Rational Design of Anticancer Drug Resistance Nanoparticles
University Of Wyoming, Laramie WY
Investigators
Abstract
0401982 Shen Drug resistance is a major problem in the treatment of cancer. Forms of resistance effectively reduce the cell drug concentration by mechanisms such as slowing drug uptake, ejecting drugs out of the cells by P-glycoprotein (P-gp) pumps, and bio-transforming. Thus, conventional dosages have low therapeutic efficacy, are very toxic and cause various side effects. Nanoparticles are ideal drug carriers because of their subcellular sizes, stability, and ability to evade the reticulo-endothelial systems. However, currently developed nanoparticles for cancer treatment generally have issues of premature drug burst release in the blood stream, but slow drug release and slow cellular uptake in cancer tissues. Coupled with drug resistance, these issues cause low drug concentration in the cancer cells and low therapeutic efficacy. The goal of this project is to design, synthesize, characterize and in vitro and in vivo evaluate nanoparticles that can overcome cancer drug resistance for effective chemotherapy.
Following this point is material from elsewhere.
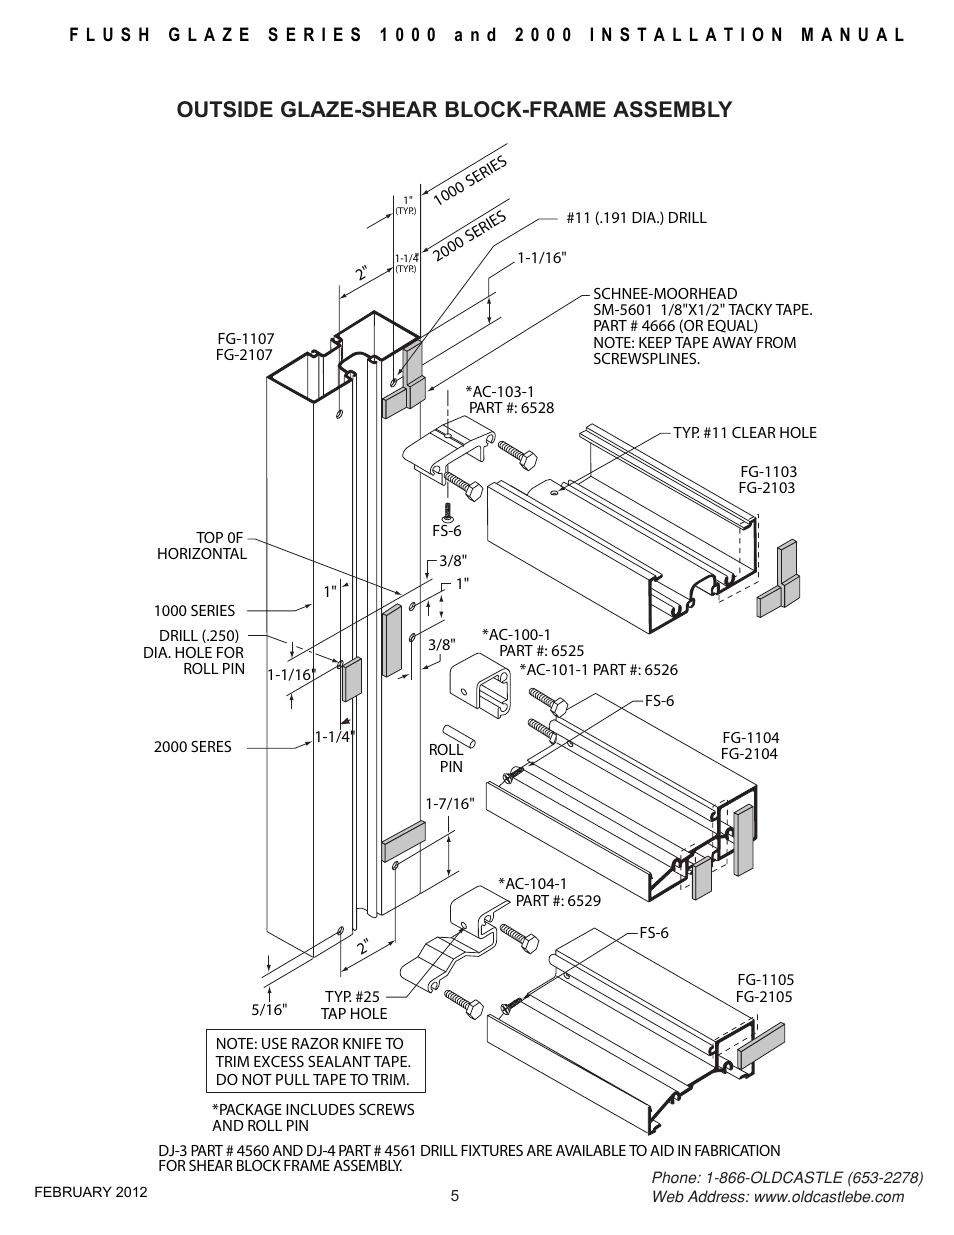 medium resolution of frame assy outside glaze outside glaze shear block frame assembly oldcastle buildingenvelope fg 2000 user manual page 6 27

The hypothesis is that a fast release of a large amount of drugs inside the cancer cell cytoplasm would overwhelm P-gp pumps and other forms of drug resistance and thus build up a cell drug concentration higher than the cell killing threshold. To test this hypothesis, the investigators will use nanoparticles with no premature drug release as the drug-carrier, exploit the leaky nature of cancer capillary to have the nanoparticles preferentially trapped in cancer tissues, use electrostatic-interaction based adsorptive cellular uptake for efficient cell-internalization of the nanoparticles and use the lysosomal pH to trigger the rapid release of the drugs. This multidisciplinary research effort combines the elements of polymer synthesis and characterization, nanoscience, biomedical engineering, thermodynamics, and self-assembly. Results obtained may provide an effective new cancer therapeutic strategy for the war with cancer. Selected topics on biomedical applications of polymers and nanoparticles would be developed for a variety of courses.